### [TASK TO CARRY OUT]
All records below must be reproduced exactly, although any pictures they contain are to be omitted.

### [PROVIDED MATERIAL]
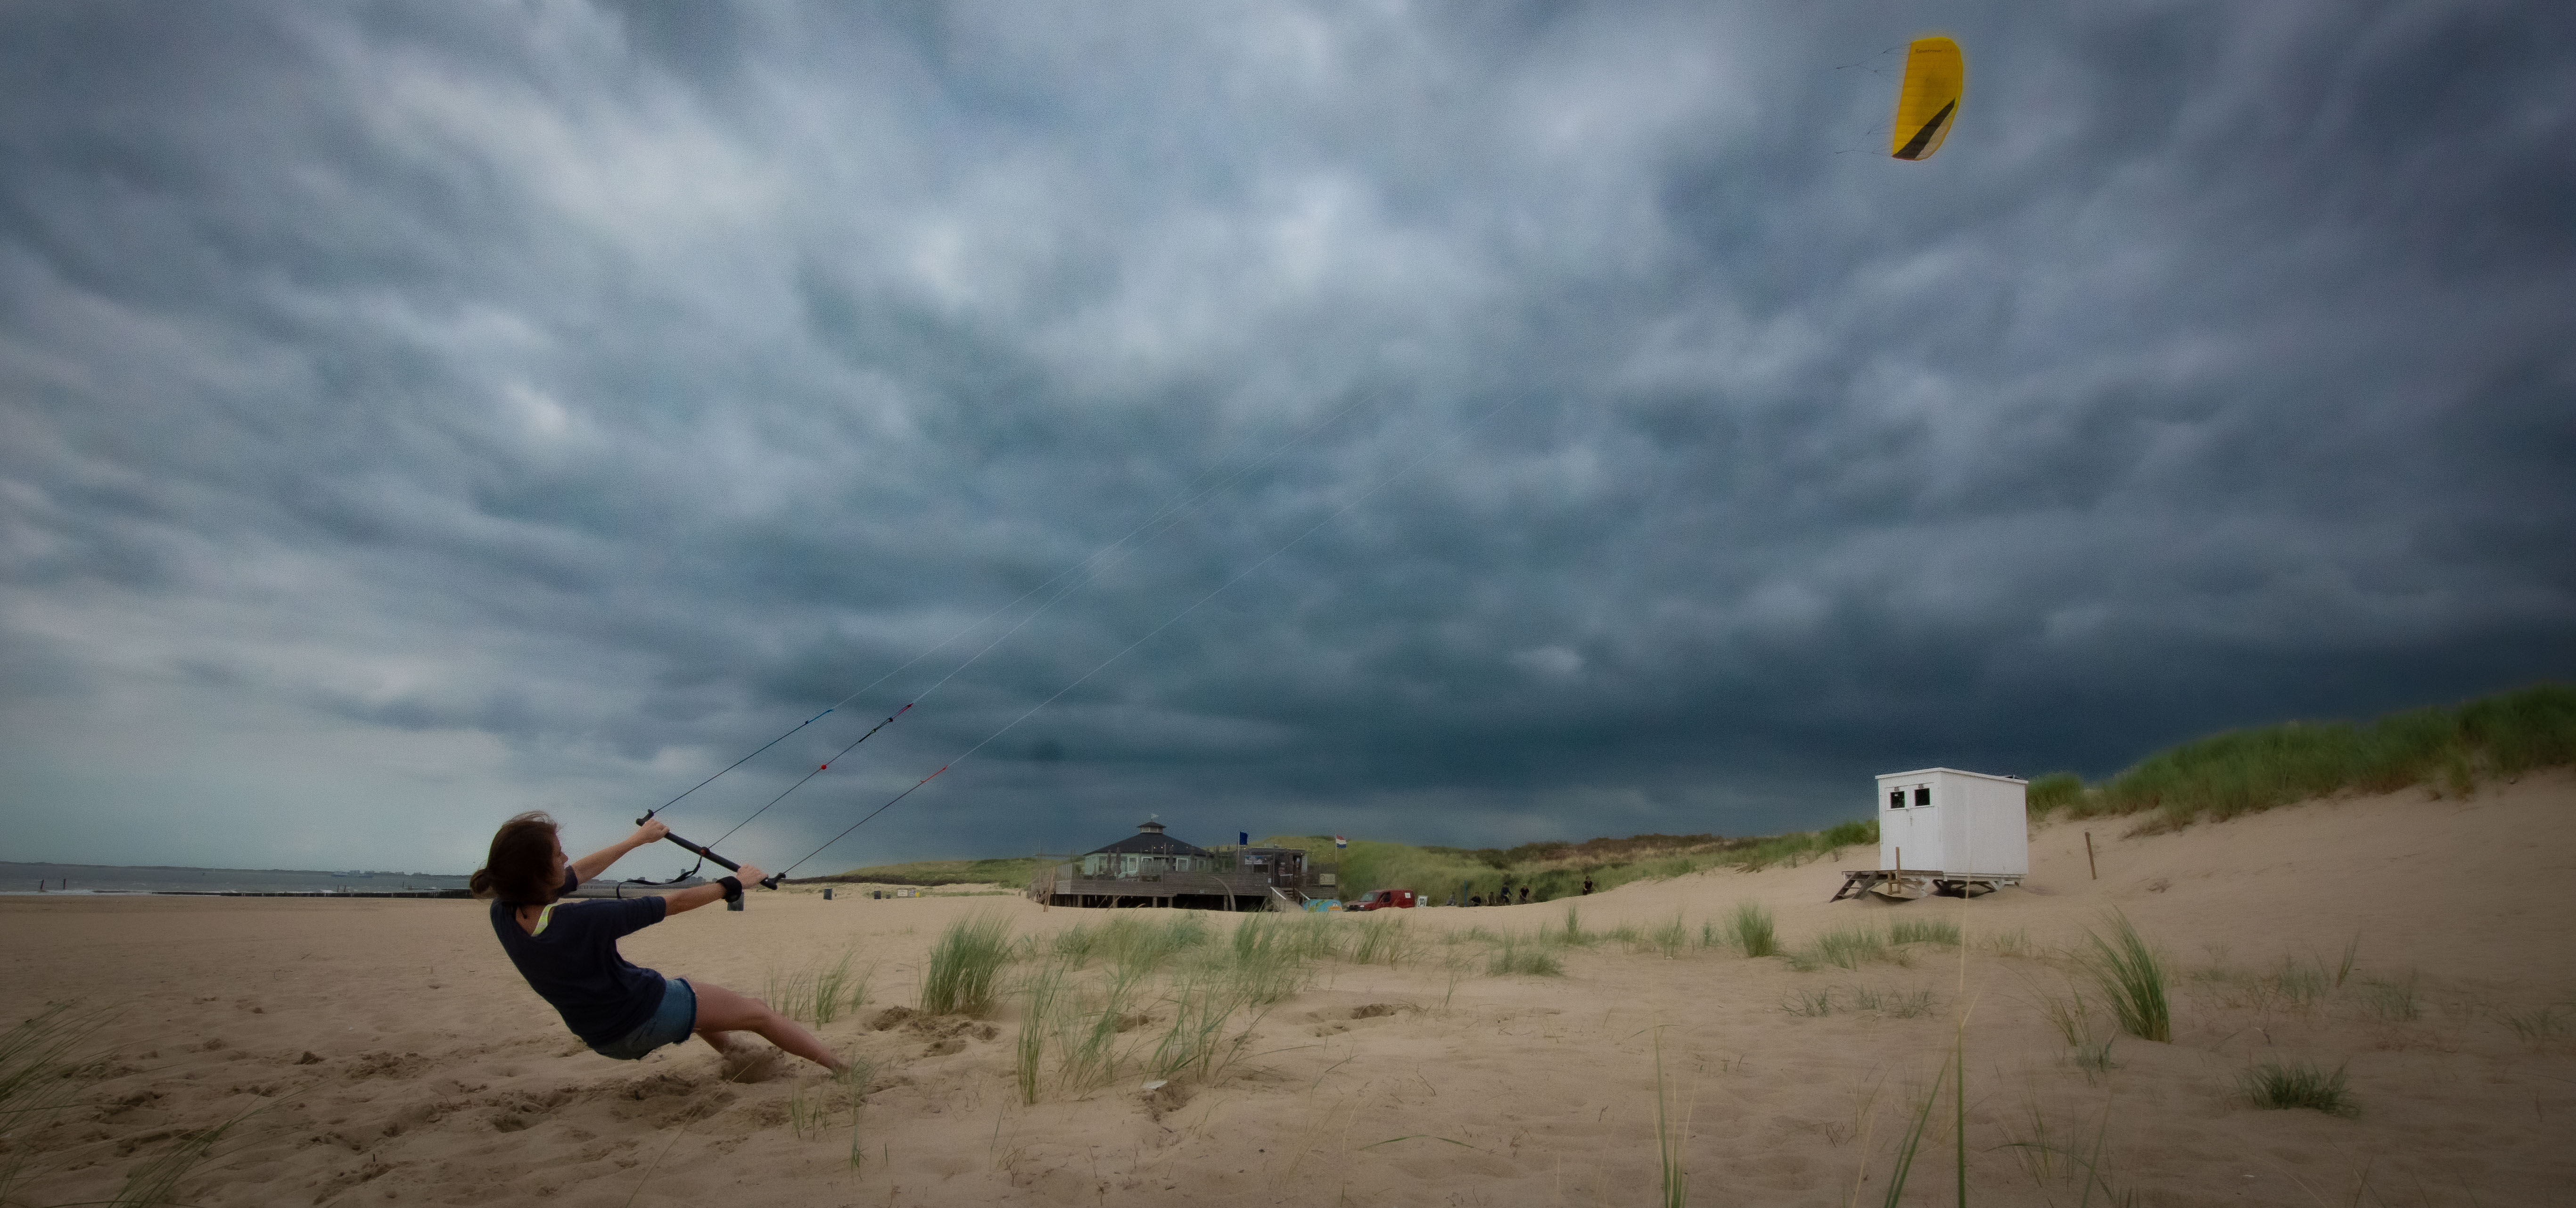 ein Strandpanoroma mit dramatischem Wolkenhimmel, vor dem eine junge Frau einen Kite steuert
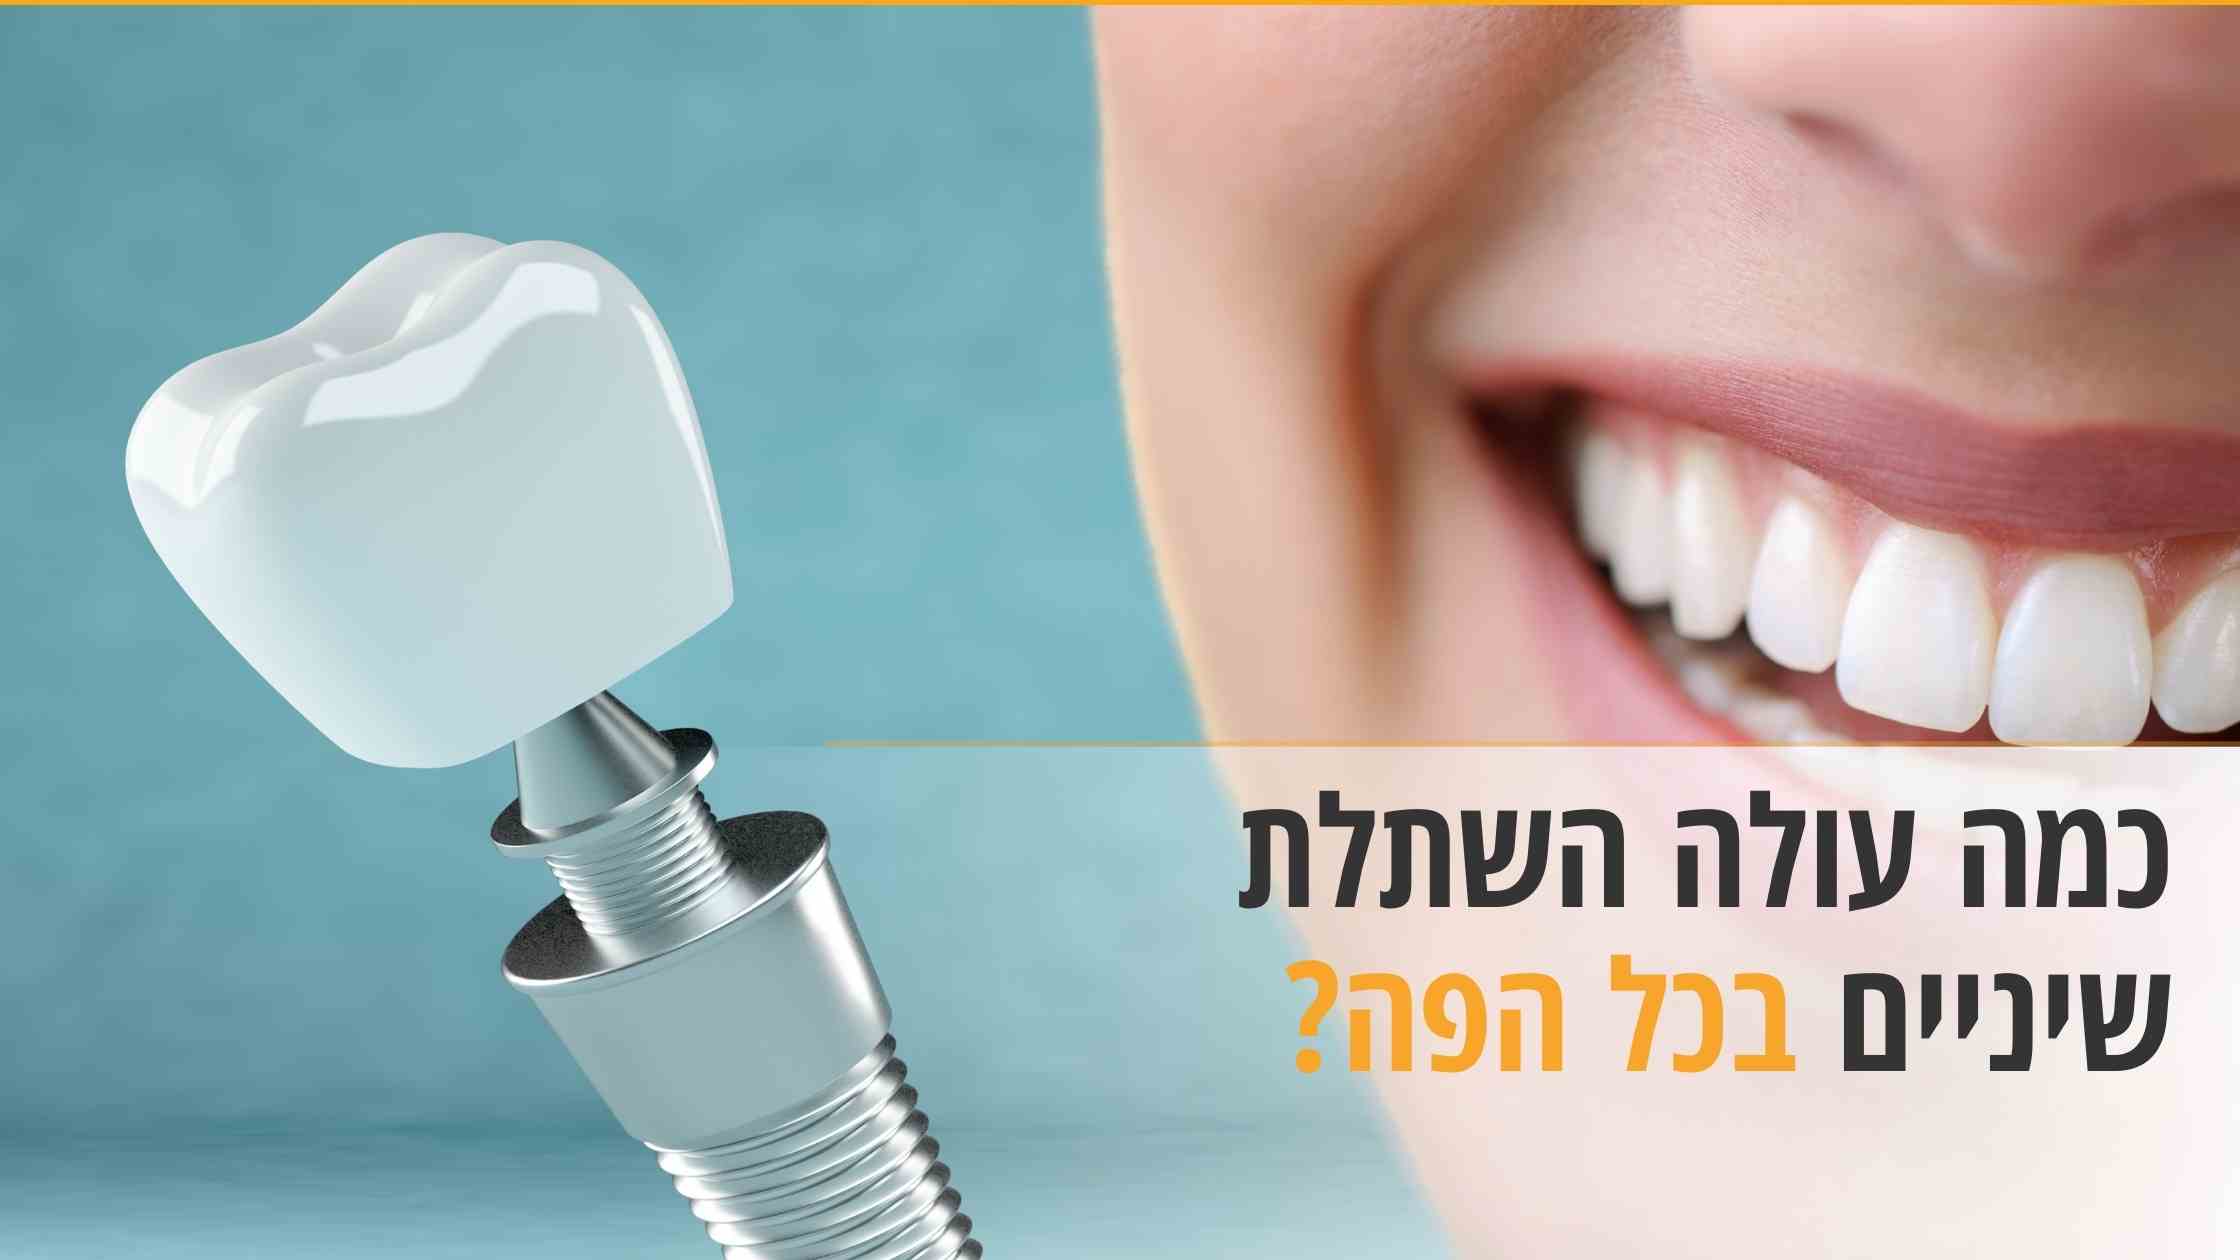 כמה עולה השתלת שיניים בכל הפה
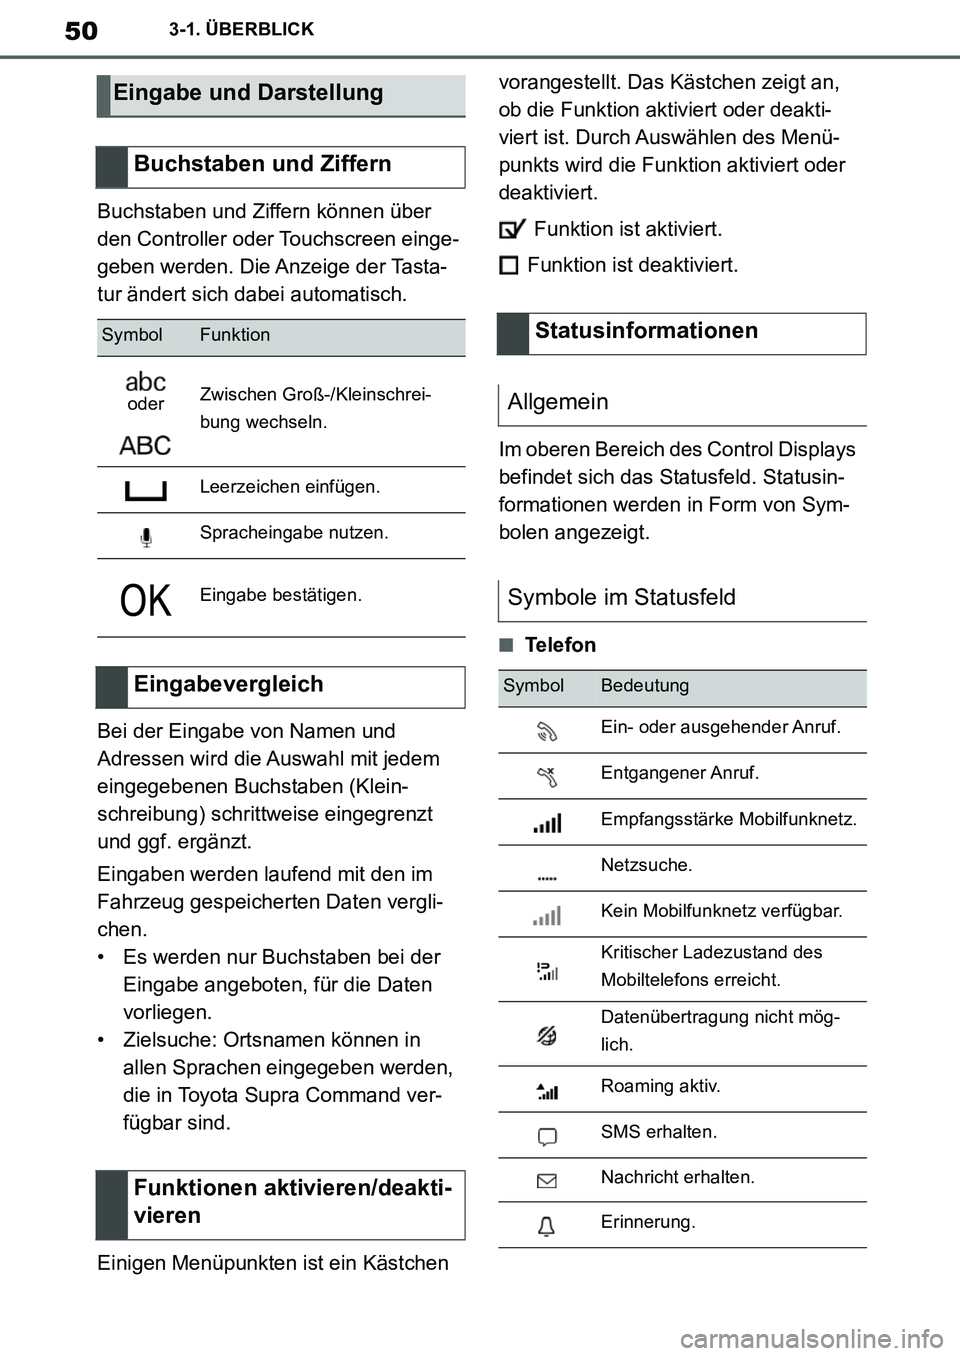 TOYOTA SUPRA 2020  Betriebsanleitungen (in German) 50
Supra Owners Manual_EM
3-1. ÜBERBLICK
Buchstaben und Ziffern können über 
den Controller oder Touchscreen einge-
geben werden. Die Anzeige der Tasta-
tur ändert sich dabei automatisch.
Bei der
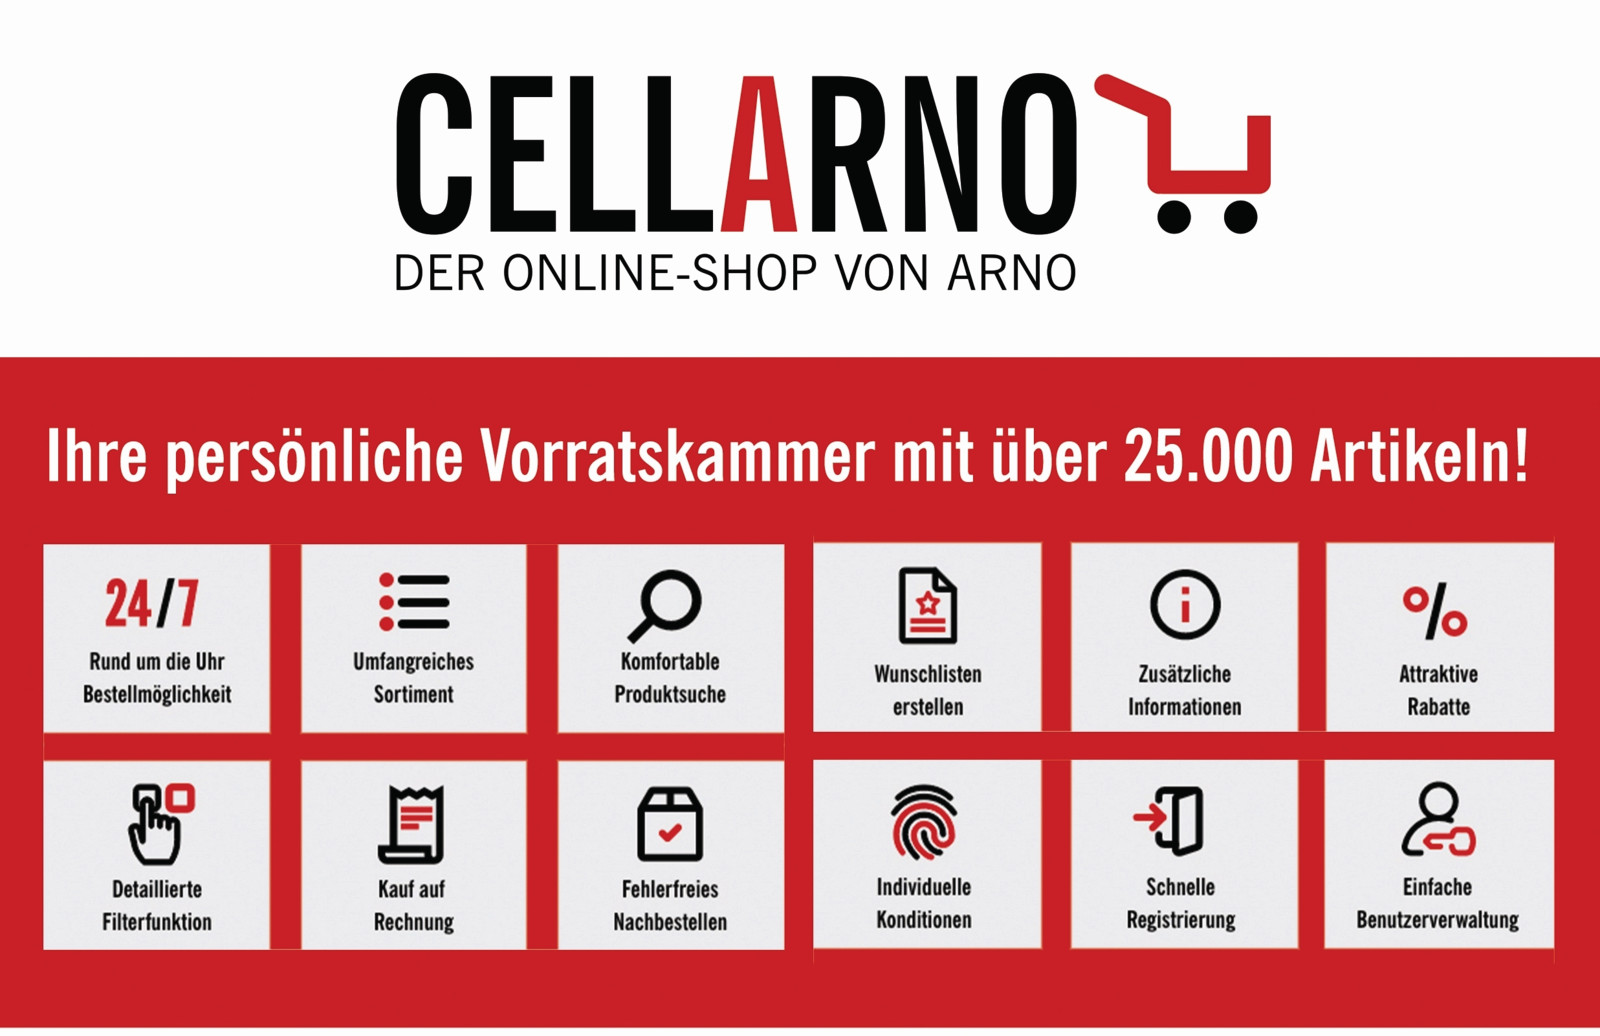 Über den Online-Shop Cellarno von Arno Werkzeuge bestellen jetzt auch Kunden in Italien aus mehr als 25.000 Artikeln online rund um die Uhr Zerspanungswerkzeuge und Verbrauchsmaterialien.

### [RESULT]
 ein Strandpanoroma mit dramatischem Wolkenhimmel, vor dem eine junge Frau einen Kite steuert
 כמה עולה השתלת שיניים בכל הפה
 TOYOTA SUPRA 2020  Betriebsanleitungen (in German) 50
Supra Owners Manual_EM
3-1. ÜBERBLICK
Buchstaben und Ziffern können über 
den Controller oder Touchscreen einge-
geben werden. Die Anzeige der Tasta-
tur ändert sich dabei automatisch.
Bei der
 Über den Online-Shop Cellarno von Arno Werkzeuge bestellen jetzt auch Kunden in Italien aus mehr als 25.000 Artikeln online rund um die Uhr Zerspanungswerkzeuge und Verbrauchsmaterialien.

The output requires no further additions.